Is There Any Point to the 12 Times Table?

Sometime in elementary school, most of us endured memorizing multiplication tables, up to 12 x 12. However, in the past few decades, people rely more on calculators, and metric measures and decimals have replaced shillings and dozens in much of everyday life. So is there any purpose in learning multiples of twelve? Jon McLoone looks at the question, and finds that mathematical errors are reduced when you learn your "times tables," but only as far as the sevens, then the benefit of knowing more flattens out (see above graph). At least as far as future mathematical errors go, learning the higher tables may be useless.

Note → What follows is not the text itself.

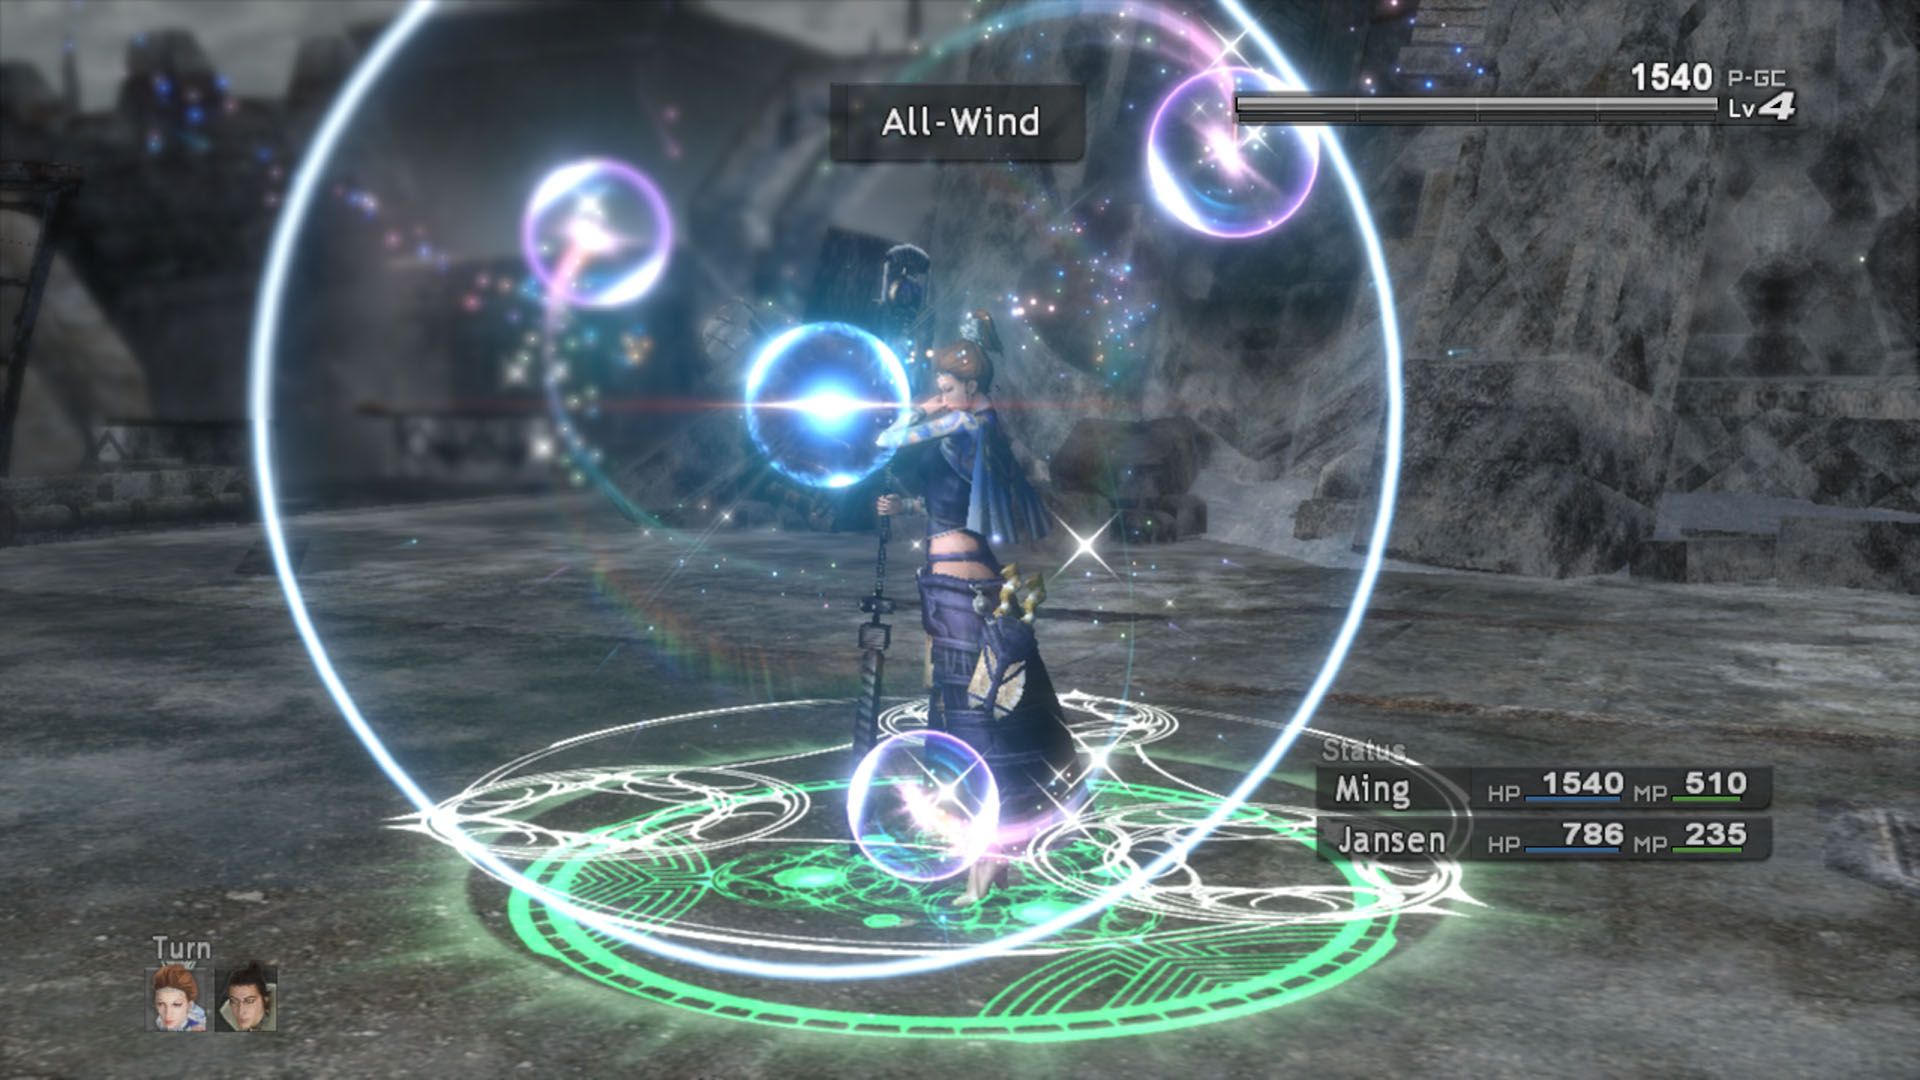 An example of spellcasting in Lost odyssey

However, looking back at my own experience, I believe that learning the nines, tens, elevens, and twelves will help a student to see the patterns in numbers. For my children, finding the beauty in mathematical patterns made the difference between hating math and exceling in it. What do you think? McLoone has a lot more to say about multiplication tables at the Wolfram Blog. Link -via b3ta  

Should memorizing multiplication tables be shortened to the tens?

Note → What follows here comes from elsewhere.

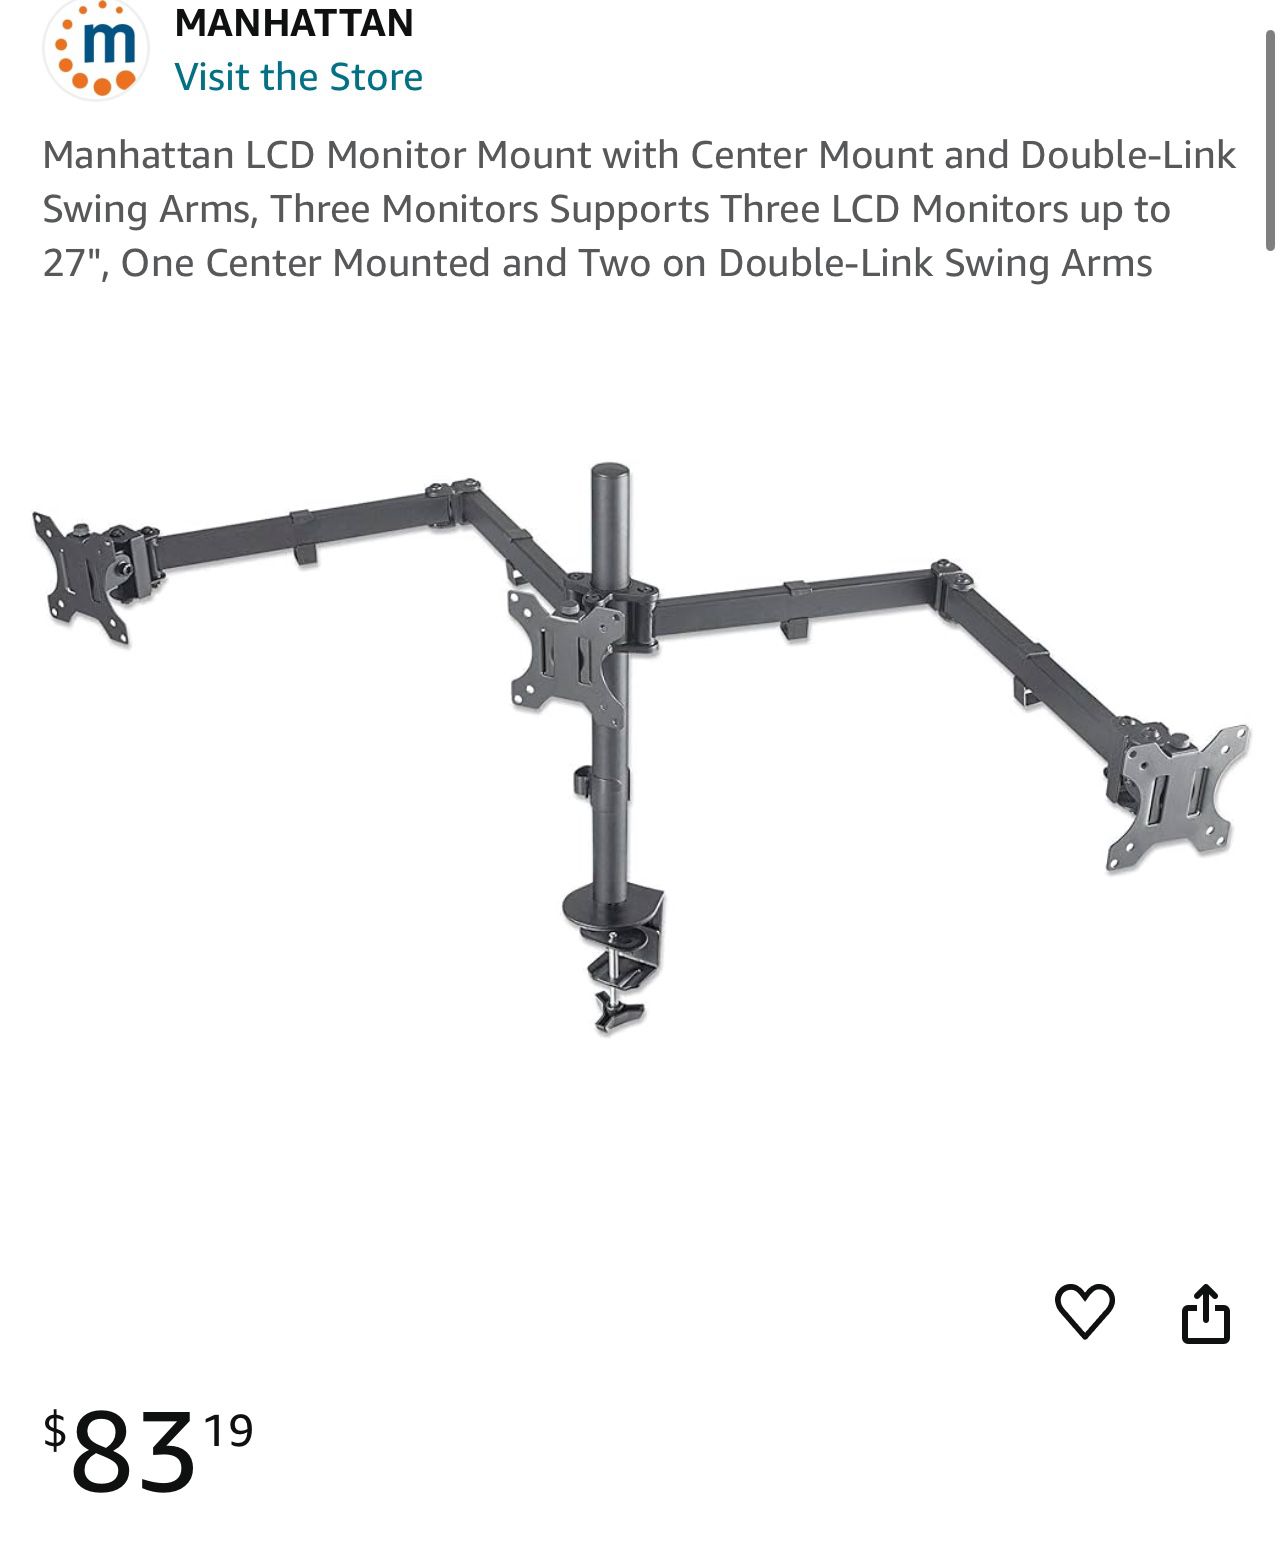 Manhattan LCD Monitor Mount with Center Mount and Double-Link Swing Arms

When I learned the multiplication tables 20+ years ago, we were only instructed to memorize them up to ten. Some of the tables didn't go even go to twelve. And it seemed like most students were able to figure out the simple pattern for multiplying by eleven (... at least until 11x11), which only leaves twelve anyway. The lower multiples of 12 are still pretty relevant in our society due to hours in a day, but I would expect most people would pick that up.

In my experience, a lot of learning and memorization can come around as a result of needing to use something. I've had students ask why I remember so many atomic numbers and masses and if I sat down to memorize the whole periodic table, when instead it was because there were certain elements I needed to use the numbers for on a daily basis and I just remembered them eventually (but not others I didn't use). At least in some fields, like math and physics, you can re-derive things instead of memorizing them. Although for teaching some basic principles, you need to prime the pump and some memorization is needed, and some more advanced topics can become way too tedious and slow to teach if a student can't recall the basic stuff from memory.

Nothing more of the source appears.